What's strange is that the 71B batch was clear initially (in fact, IIRC, it was the first to clear) and then it seemed to develop a considerable haze later. Go figure.
 
What's strange is that the 71B batch was clear initially (in fact, IIRC, it was the first to clear) and then it seemed to develop a considerable haze later. Go figure.

Do you know the mineral analyticals for your water? Perhaps @Miraculix is correct in his association of haze with a deficiency of calcium in the water.
 
What's strange is that the 71B batch was clear initially (in fact, IIRC, it was the first to clear) and then it seemed to develop a considerable haze later.

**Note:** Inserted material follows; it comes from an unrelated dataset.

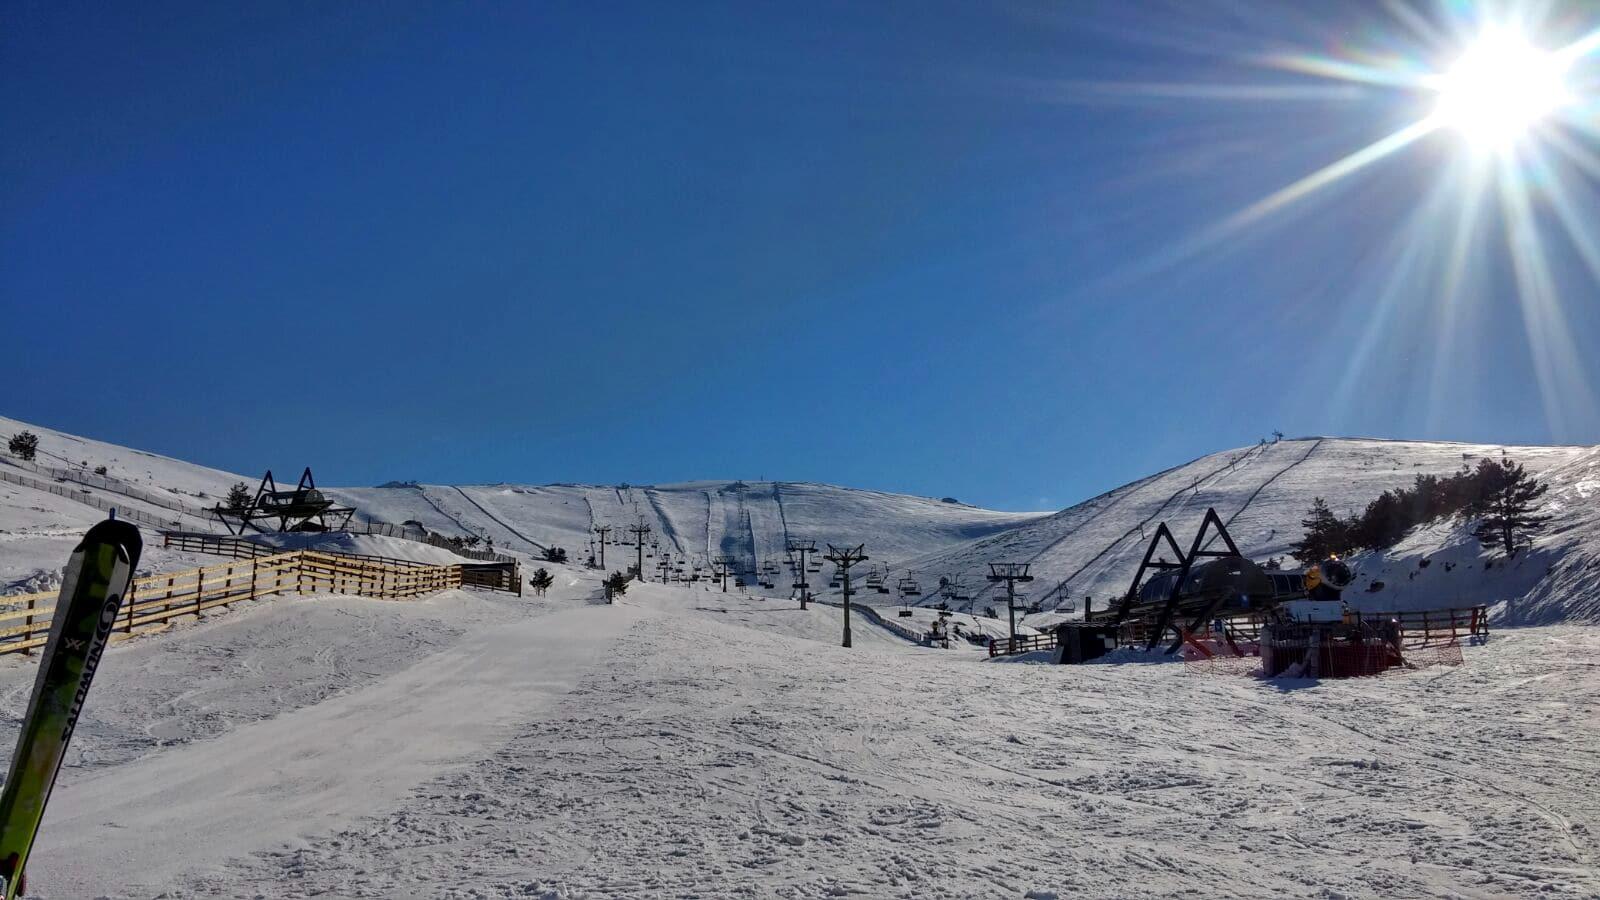 Club de snowboard Madrid Grupo Joven Valdesquí pistas

Go figure.

All I have to go on is the Ozark spring water analytics report posted online, which showed almost no calcium (maybe 5ppm or something like that, IIRC).
 
Very few meads clear without some kind of help.

Same with beer...

Which is why us homebrewers do vigorous boils, kettle fining, cold crashing, gelatin, etc...

The techniques and additives are slightly different in the mead/wine world, but they're still well known. I don't understand the reluctance that many people have to using them...
 
Same with beer...

Which is why us homebrewers do vigorous boils, kettle fining, cold crashing, gelatin, etc...

The techniques and additives are slightly different in the mead/wine world, but they're still well known. I don't understand the reluctance that many people have to using them...

I'm not disagreeing, but what had been confusing to me is that I don't think I've seen even one mead recipe that called for adding clearing agents at any stage. Maybe the authors all just assume we're doing it? Many of them seem quite detailed about everything else, so it would be odd for them to omit it.
 
I know this because the substrate under most of florida is calcium carbonate, due to it being an ancient coral reef. All the spring water here contains some calcium, most of it contains a lot.
 
We use florida spring water so it's very high in calcium, and yes Tampa is just across the bay.

What's the name of it? Maybe we can look it up some water chemistry analytics for it in the spring water database that I linked to on the brand name thread.

Also, reiterating rph_guys question: which yeast strains?